Magnetic force between two parallelly moving charged particles

Question

From what I've read on magnetism as a result of incorporating special relativity into electrostatics, I have got the impression that:

a) If you have two parallel and (for simplicity) infinite streams of moving particles with equal velocity, in the particles' frame they observe each other to be stationary. The Coulomb force on any one particle is given by $qE$ where E is resultant field.

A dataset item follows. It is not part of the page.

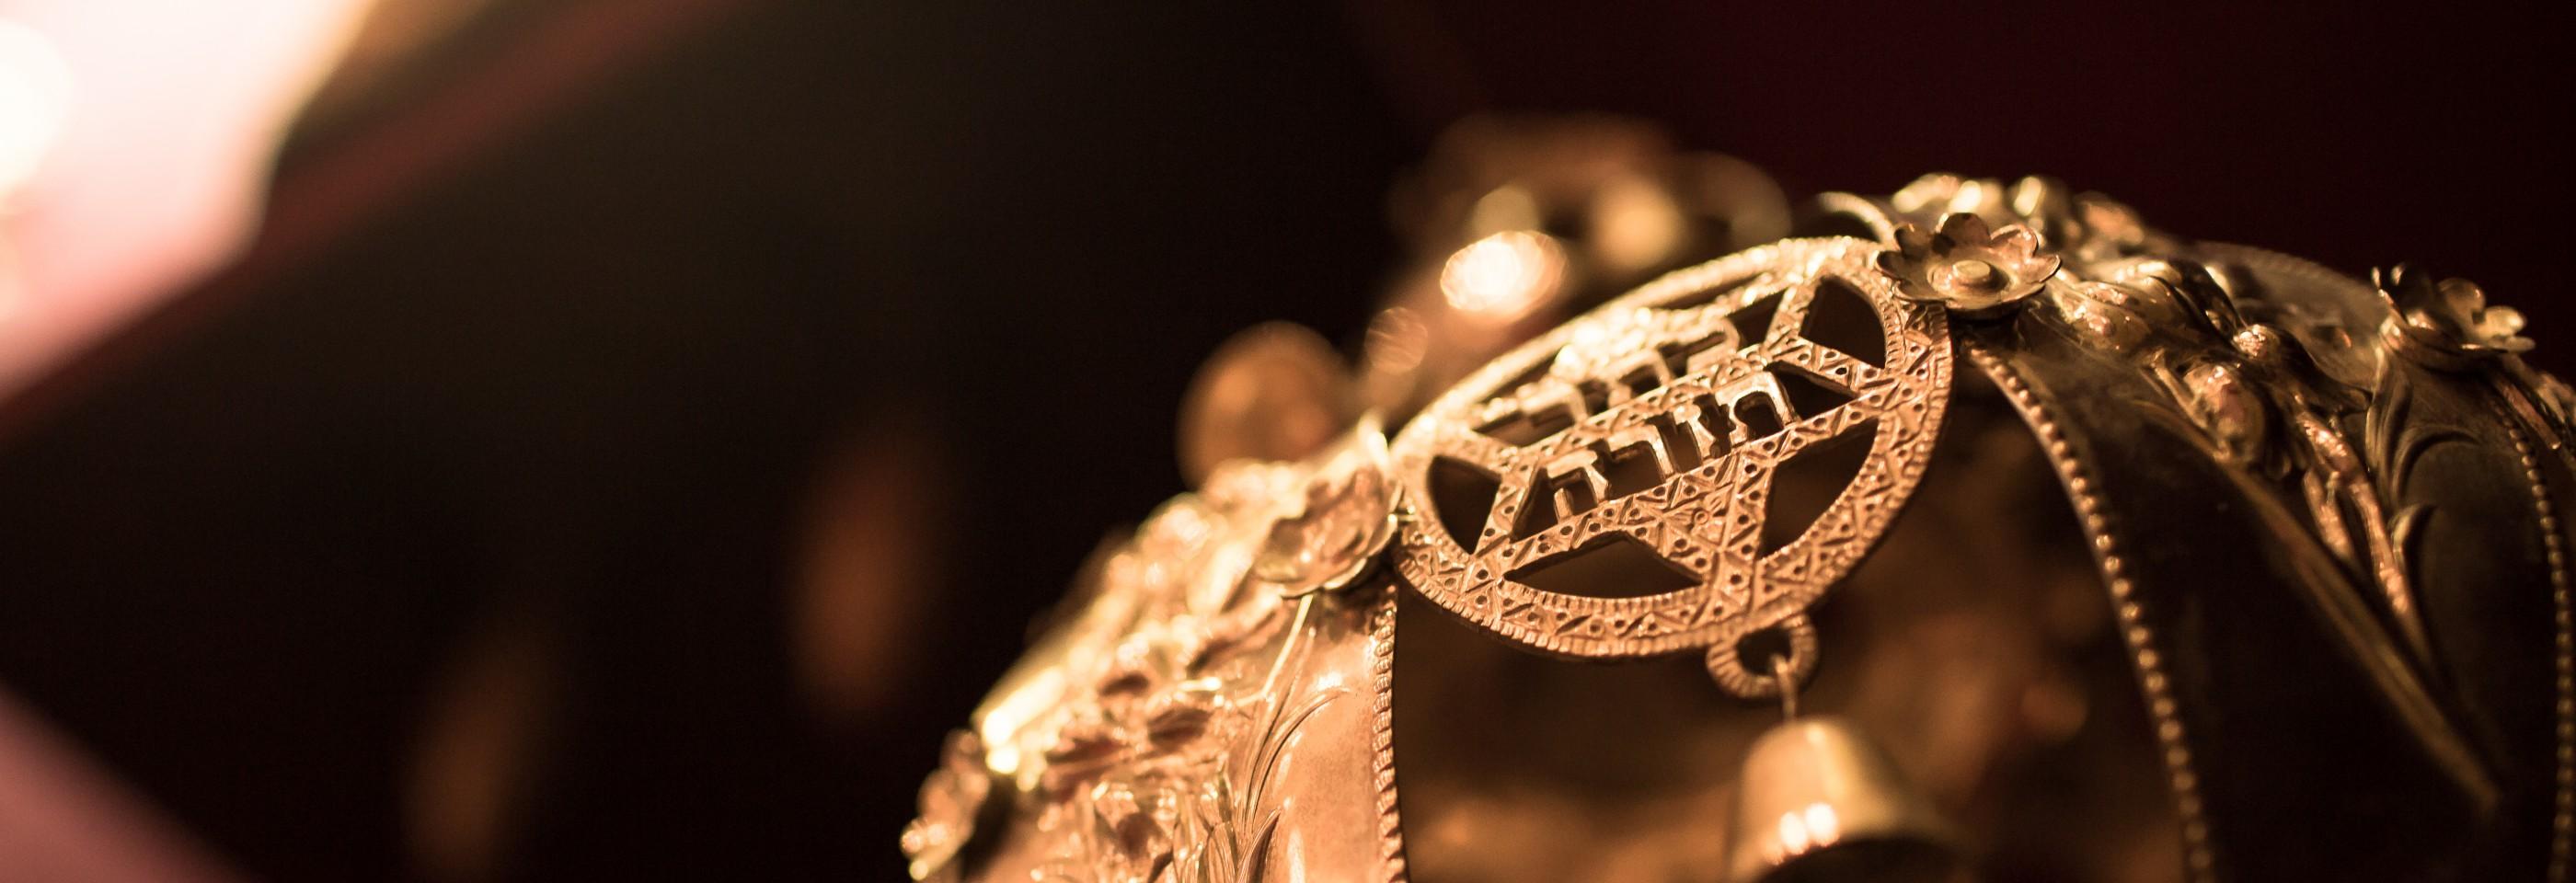 Crown of torah, picture of a keter torah

b) Viewing the same situation from a laboratory reference frame, we observe a length contraction for both streams. Then the particles appear closer to each other, so the density appears to us to be more than what the particle observes. So we predict a larger Coulomb force of repulsion than the actual force that the particle feels, and introduce the magnetic field as a 'correction'. For a section of aforementioned infinite streams of length x and separation r: $$ F_{net} = (F_{coul})_{frame} = (F_{coul})_{obs} + F_b \implies F_b = (F_{coul})_{frame} - (F_{coul})_{obs} $$ $$ F_b = \frac{1}{2\pi\epsilon_0r}\lambda_{frame}^2x - \frac{1}{2\pi\epsilon_0r}\lambda_{obs}^2x $$ Now by apparent length contraction of the particle stream in the lab frame: $\lambda_{frame} = \lambda_{obs}\sqrt{1 - v^2/c^2} $ $$ \implies F_b = -\frac{1}{2\pi\epsilon_0r}\lambda_{obs}^2x(1-\frac{c^2 - v^2}{c^2}) = -\frac{\lambda_{obs}^2v^2x}{2\pi\epsilon_0rc^2} = -\frac{i^2x}{2\pi\epsilon_0rc^2} =-\mu_0\frac{i^2x}{2\pi r} $$ I.e. the force is attractive in nature and this agrees with $ c^2 = \frac{1}{\mu_0\epsilon_0} $ and what was predicted by Biot-Savart's law.

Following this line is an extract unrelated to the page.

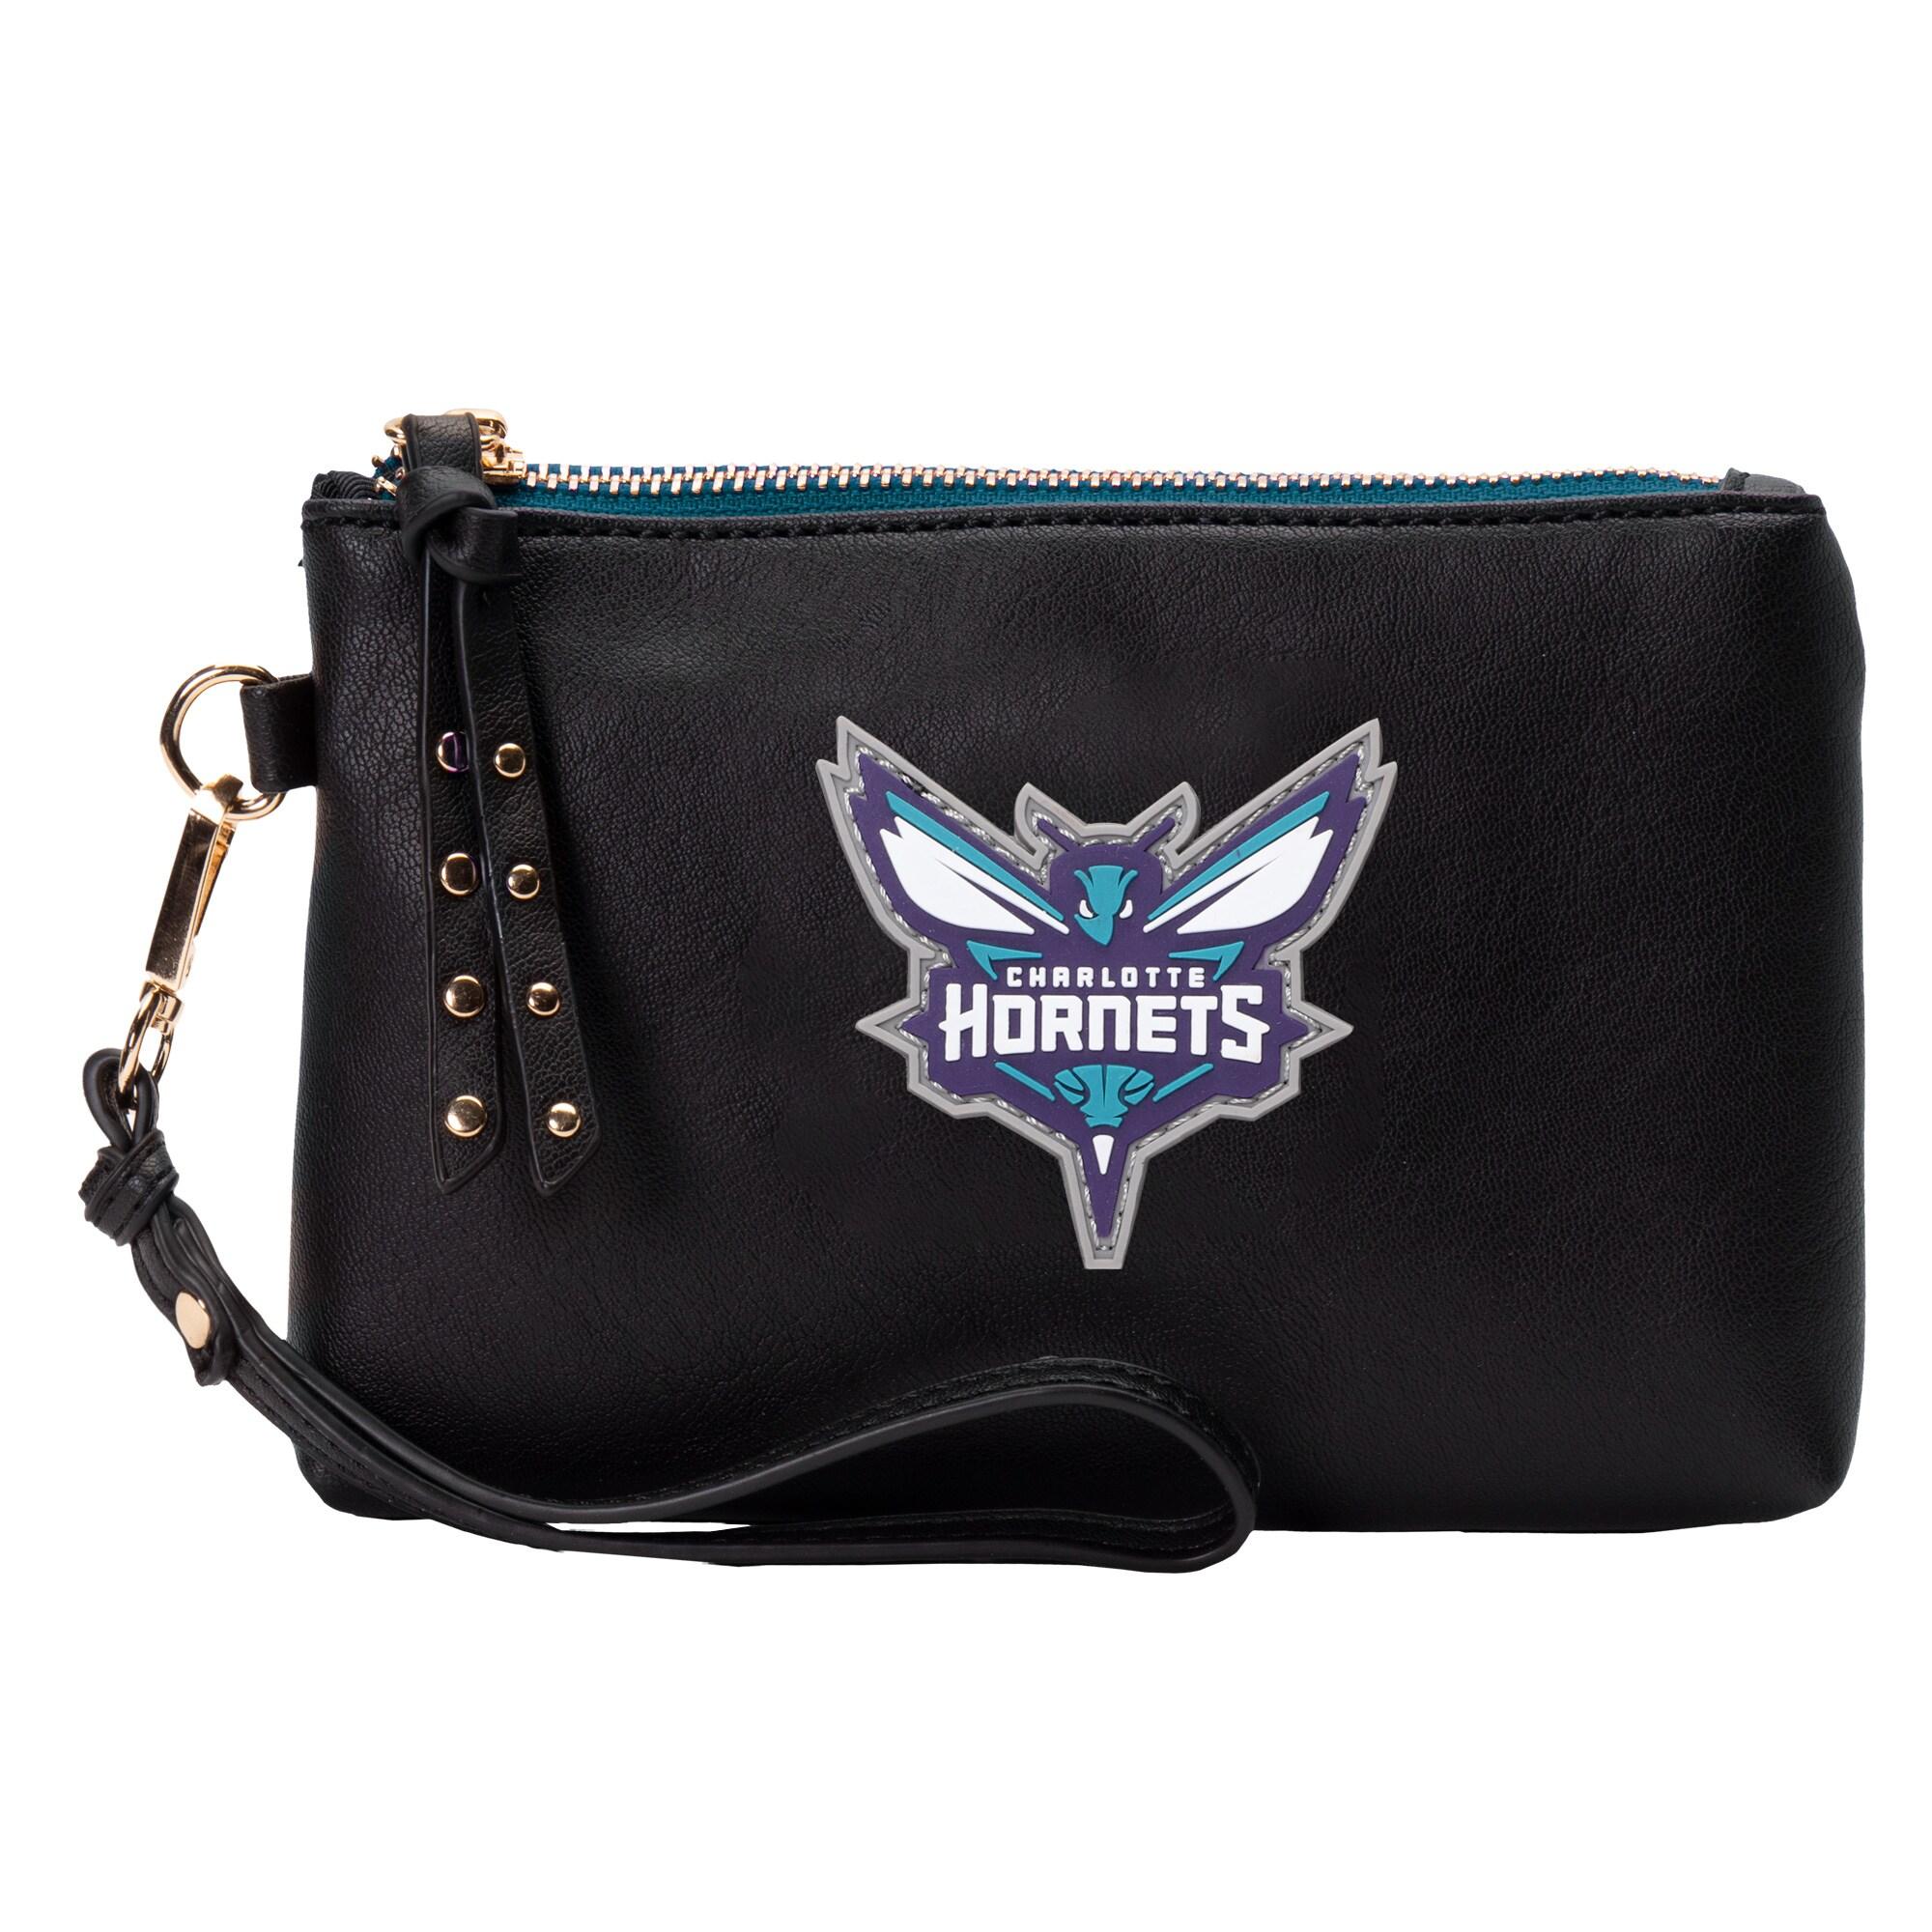 Charlotte Hornets Wristlet Pouch

The question arises what happens if there is no stream but just, say, two parallel particles moving with the same velocity? There is no question of any charge density observed or otherwise. But in the particle's frame of reference there is just the Coulomb force, and in our frame of reference there is also the Coulomb force, which should not change as there is no length contraction observed. What am I getting wrong here? Surely one moving charged particle generates a magnetic field (which I was told is true in any frame where the charge moves), and the field would act on the parallel particle? How do we explain this with special relativity?

Answer 1

So imagine two point, positive charges at rest, in a frame S: the interaction is purely Coulombic, and the force on one another has magnitude $\frac{q}{4\pi\epsilon_0r^2}$, $r$ is the distance between them. Now consider the events from a frame, which I denote as $\bar S$, moving along the x-axis at velocity v: the charges are moving according to this frame. Now, the transformation for fields in special relativity is as follows: suppose one has a frame $S$ with electric and magnetic fields denoted by $(E_x, E_y, E_z)$ and $(B_x, B_y, B_z)$ and another frame $\bar S$ moving at speed v, along the x-axis, relative to S, where the fields are given by $(\bar{E_x},\bar{E_y},\bar{E_z})$ and $(\bar{B_x},\bar{B_y},\bar{B_z})$. Then,

$\bar{E_x} = E_x, \bar{B_x}=B_x$

$\bar{E_y} = \gamma(E_y-vB_z), \bar{B_z}=\gamma(B_z-\frac{v}{c^2}E_y)$

$\bar{E_z} = \gamma(E_z+vB_y), \bar{B_y}=\gamma(B_y+\frac{v}{c^2}E_z)$

This derivation can be found in textbooks like Griffiths' Introduction to Electrodynamics or Feynman's Lectures. In our case, from $S$ there is only an electric field, which will have three components, and a magnetic field which is zero. However, when looking from $\bar S$, there are electric as well as magnetic fields due to the transformation equation I have stated. So yeah, the Coulombic field does change, and we also have a magnetic field here!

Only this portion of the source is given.